Even
before Bryan Appleyard referred to the Welsh poet/priest R.S. Thomas as “Laughing
Boy,” I was an admirer of the work if not the man. The sentiment above is drawn
from a lecture, “Words and the Poet” (Selected
Prose, 1986), Thomas delivered in 1963. Out of context, his sentence sounds
comically pedantic, but it set me to investigating his claim. The Australian
poet Francis Duggan, I discovered, wrote a poem about “The Bush Stone Curlew,”
which may be judged “significant” if you’re interested not in poetry but propaganda.

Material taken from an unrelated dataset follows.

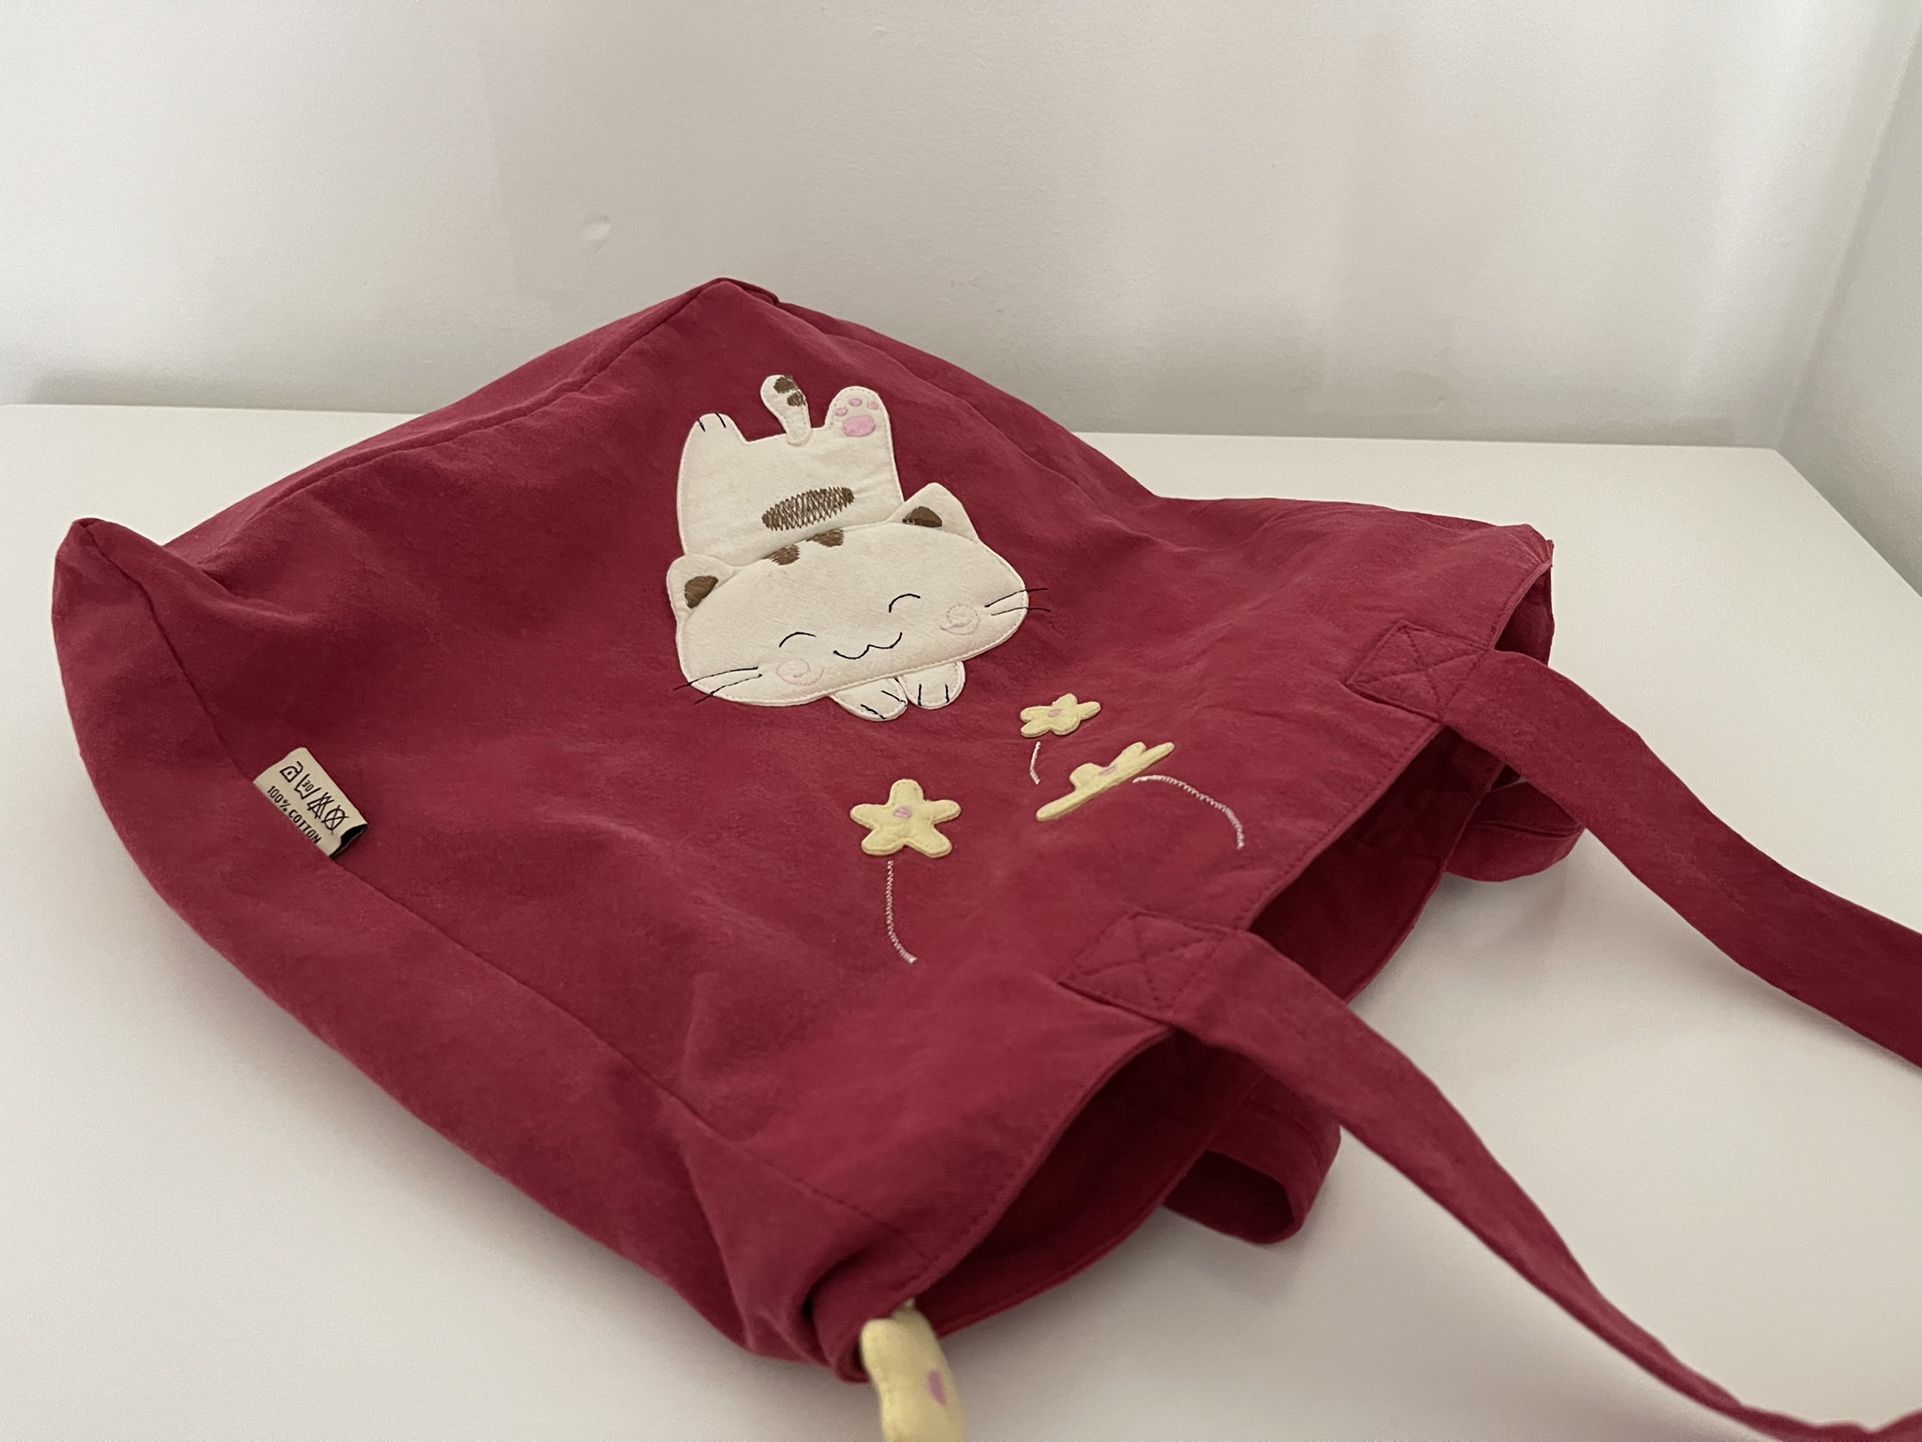 Under One Sky Maneki-neko Inspired Cats Mini Backpack Black, Red, White.  NWOT for Sale in Seattle, WA - OfferUp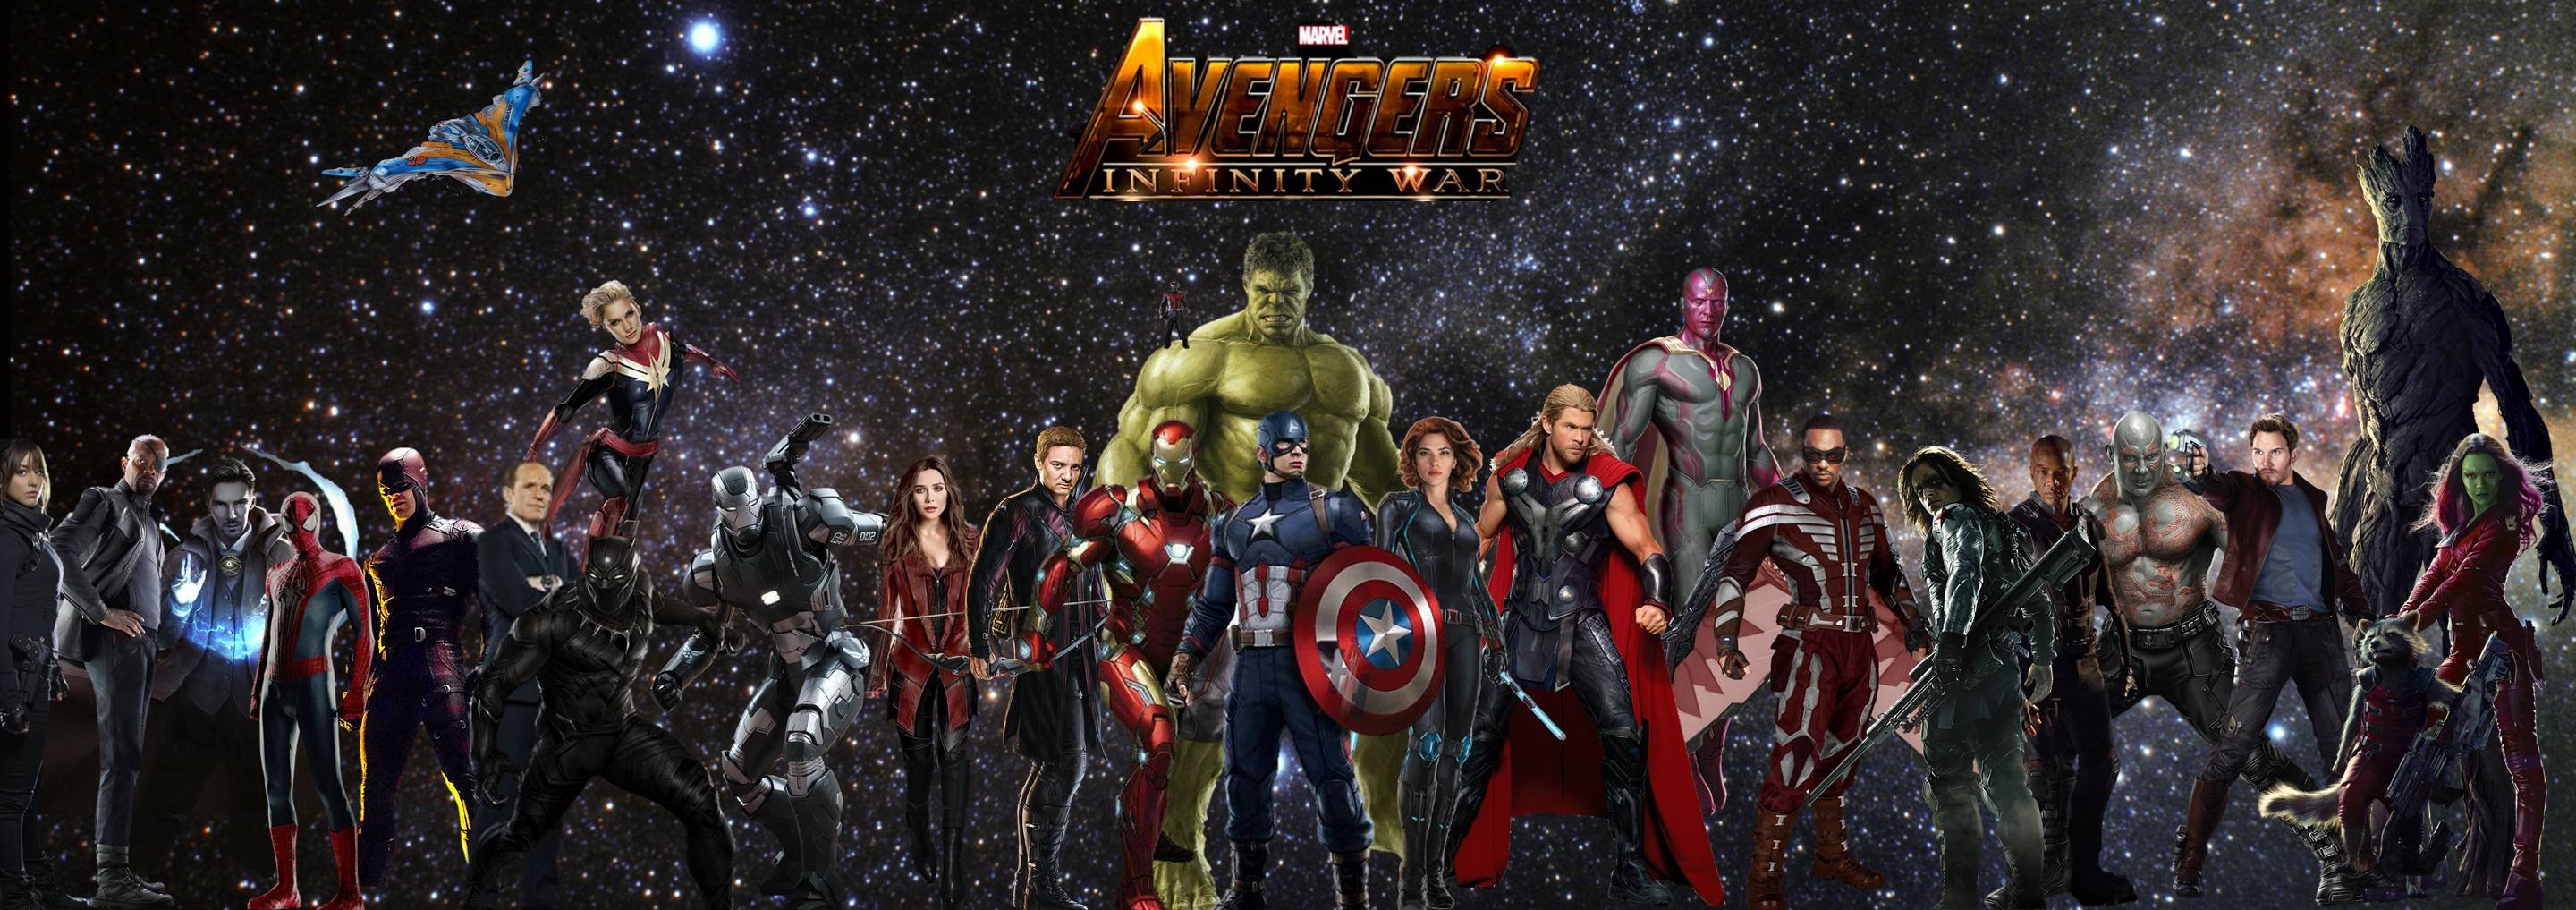 avengers infinity war movie online free

Jocelyn Brooke published his novel The Military Orchid in 1948. I haven’t read it. About antirrhinums, a word I
confuse with “antimacassars,” I found a poem by D.H. Lawrence under the flower’s
better-known name, "Snap-Dragon." Again, nothing significant. Thomas seems to
concur with Dr. Johnson’s judgment as to numbering the streaks of the tulip.
Thomas
is making a point worth our attention. Earlier in the paragraph he writes: “Art
is not simple, and yet about so much of the best, whether in painting, poetry
or music, there is a kind of miraculous simplicity.” For an example he cites King Lear: “Take it away; it smells of mortality.” Thomas
misquotes without blunting his point. In Act IV, Scene 6, Gloucester says: “O, let me kiss that hand!” and Lear replies: “Let
me wipe it first; it smells of mortality.” About the passage, Thomas writes: “I
think that as long as there is poetry, it will keep reverting to that native
plainness and simplicity.” He might be referring to his own customarily flinty
lines, rich in familiar monosyllables. Consider “Autumn” from the four-poem
suite “The Seasons” (Mass for Hard Times,
1992):
“Happy
the leaves
burnishing
their own
downfall.
Life dances
upon
life’s grave.
It
is we who inject
sadness
into the migrant’s
cry.
We are so long
in
dying – time granted
to
discover a purpose
in
our decay? Could
we
be cut open,
would
there be more than
the
saw’s wound, all
humanity’s
rings widening
only
toward ageing?
To
creep in for shelter
under
the bone’s tree
is
to be charred by time’s
lightning
stroke. The leaves
fall
variously as do thought
to
reveal the bareness
of
the mind’s landscape
through
which we must press on
towards
the openness of its horizons.”
After
the sentence at the top of this post, Thomas writes:
“We
like to think of every poet as possessing a very keen eye, whereas Yeats, for
instance, was reported to be decidedly short-sighted. It is as though, for poetry, general words
will do, with occasional glimpses or insights for added effect, as in Rosetti’s
`The woodspurge has a cup of three.’”
In
his recently published Diaries, the Welsh
actor Richard Burton writes:
“The
only nice poets I’ve ever met were bad poets and a bad poet is not a poet at
all—ergo I’ve never met a nice poet… R. S. Thomas is a true minor poet but I’d
rather share my journey to the other life with somebody more congenial. I think
the last tight smile that he allowed to grimace his features was at the age of
six when he realized with delight that death was inevitable. He has consigned
his wife to hell for a long time. She will recognize it when she goes there.”
For
more of the same, see Nige’s account of Thomas, Elizabeth Taylor and the
flatfish.
Thomas
was born on this date, March 29, in 1913. He died Sept. 25, 2000.
1 comment:
"We like to think of every poet as possessing a very keen eye"
Homer, for instance? Yet his epics have quite a variety of trees--pine, fir, oak, ash, cedar--birds certainly including eagles, cranes, sea ducks, and geese, and among flowers at least hyacinth and asphodel.